If one has zero field, then we know that at a certain critical temperature ($T_c$), the spin-system (assume it's an infinite system) exhibits a spontaneous symmetry breaking - i.e. the system chooses an order parameter (local z-moment) that is not time reversal symmetrical - from a paramagnetic phase to a ferromagnetic phase (or vice-versa).
Now, if one turns on the longitudinal field ($h$), the Hamiltonian is no longer invariant under time-reversal symmetry, which means that even if you were to start from say the infinite temperature and finite h-field, as you lower your temperature, your system will never exhibit spontaneous symmetry breaking, since the h-field that you are applying already breaks time reversal symmetry. In other words, the positive and negative magnetization phases break time reversal symmetry, but do not break any symmetry of your Hamiltonian with finite h.
Hence, the phase with positive magnetization can be related to the phase with negative magnetization by going continuously around the critical point (as for water-gas !).

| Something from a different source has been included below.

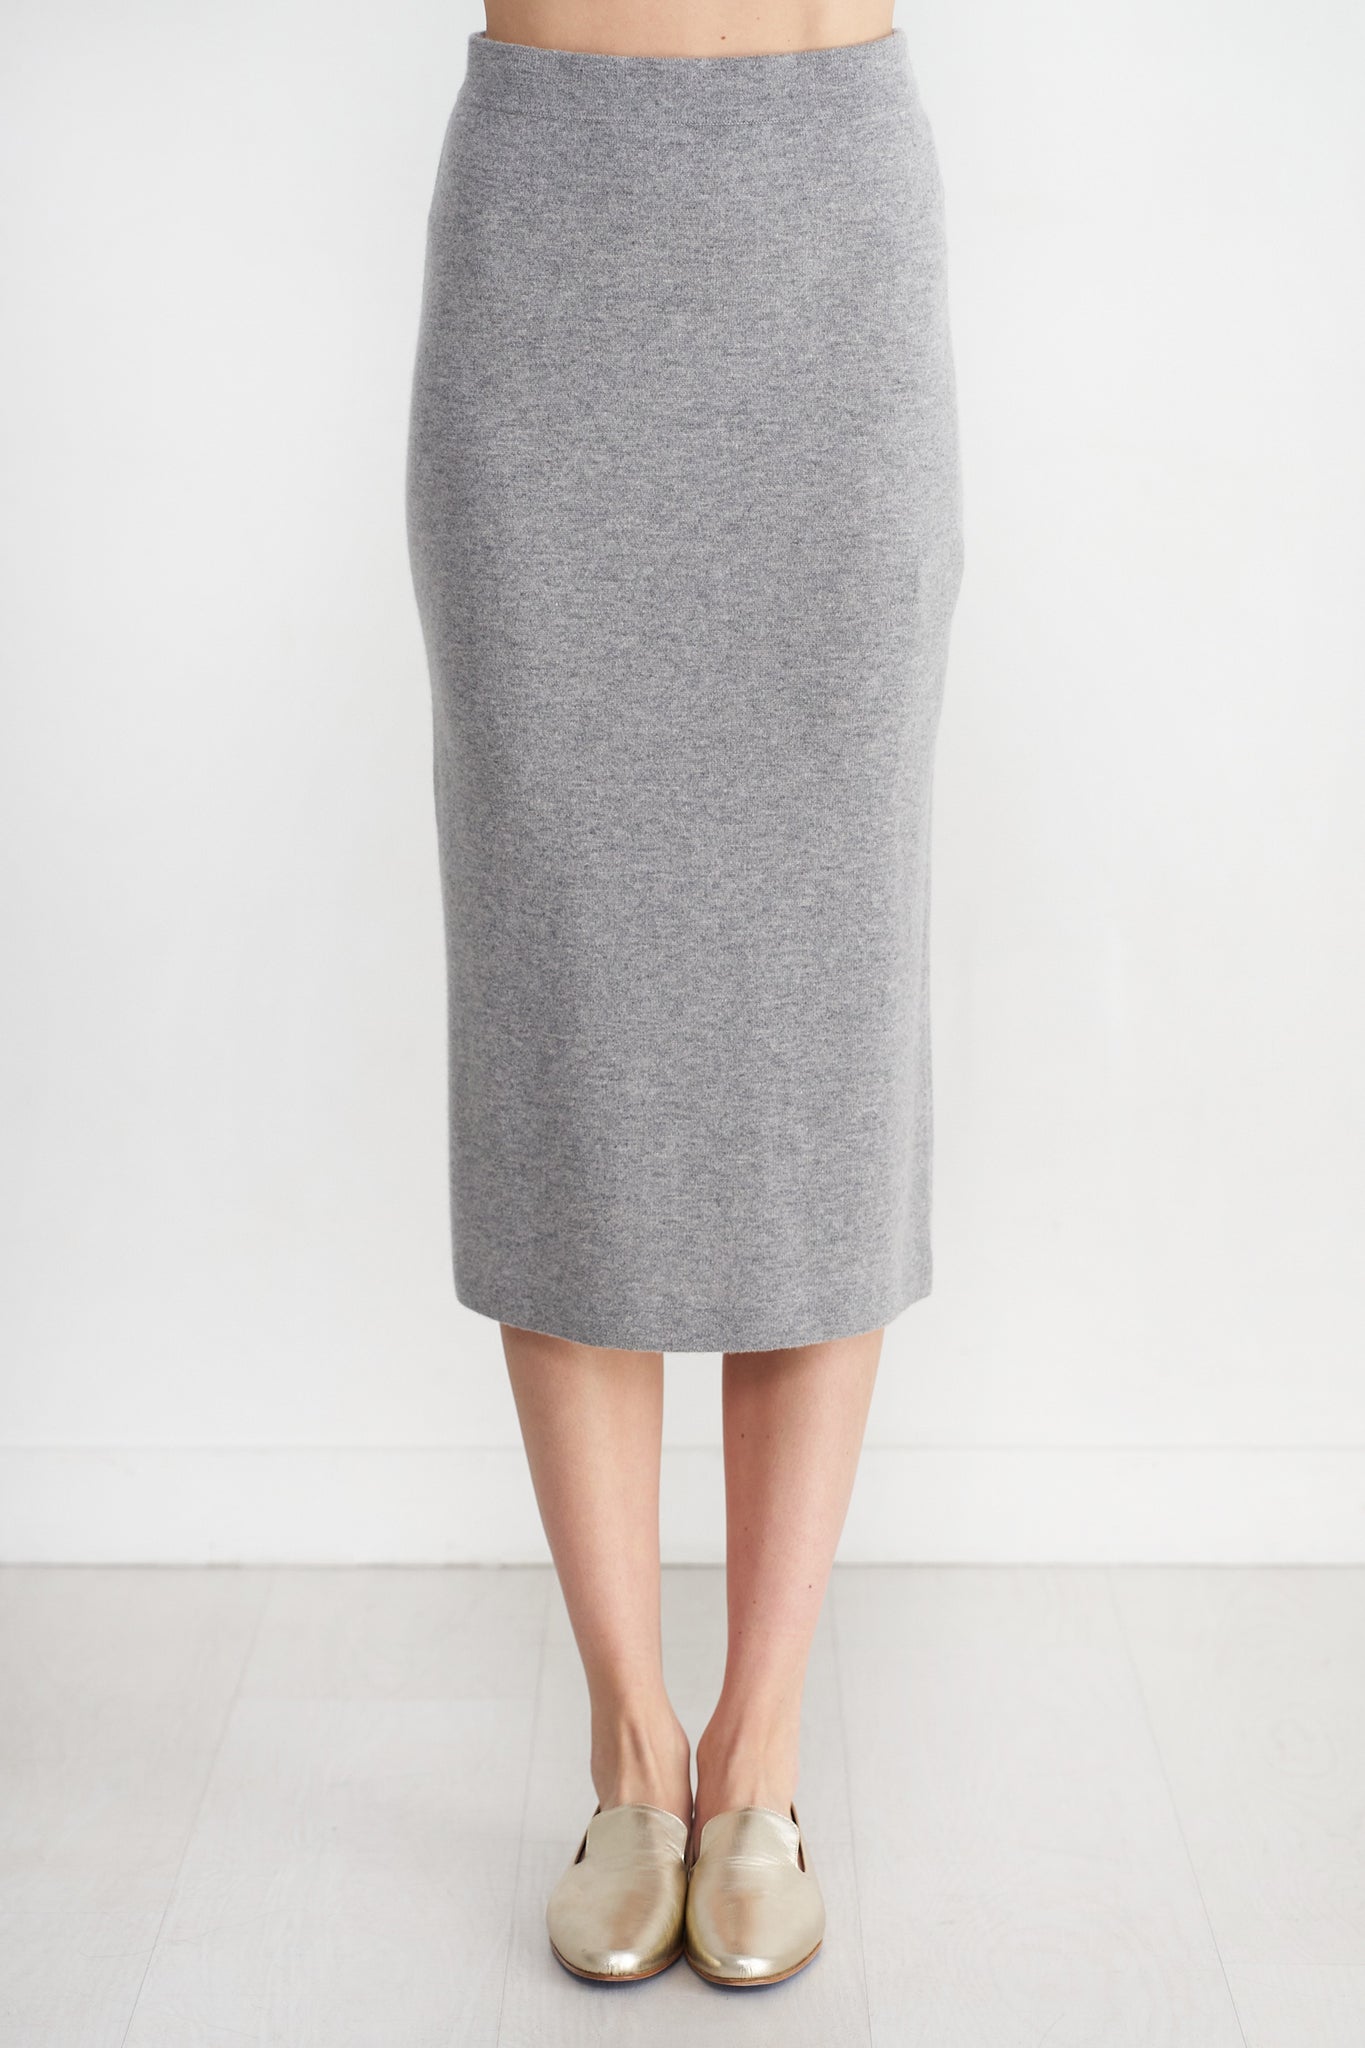 Allude - Long Skirt, Heather Melange

Moreover, like water-gas transition, there is a line of first order transition that terminates at the critical point : this line for the Ising model is the h=0 line with $T<T_c$. If your are not going along that line, then you can never have a spontaneous symmetry breaking.
Therefore (and this is my point), the phase of your system that you want to look at and that has a different symmetry state must be along that line of first order transition (and is not the gas or water phases). In the case of the Ising model, it's just a ferromagnet breaking time-reversal symmetry of your Hamiltonian (h=0 line). However, for water I do not know how you characterize this phase. I guess a logical question to ask now would be : what does the Hamiltonian for the water looks like... And what are it's degrees of freedom. Then, one can answer your question about what symmetry is in fact broken.
Hope this helps a bit.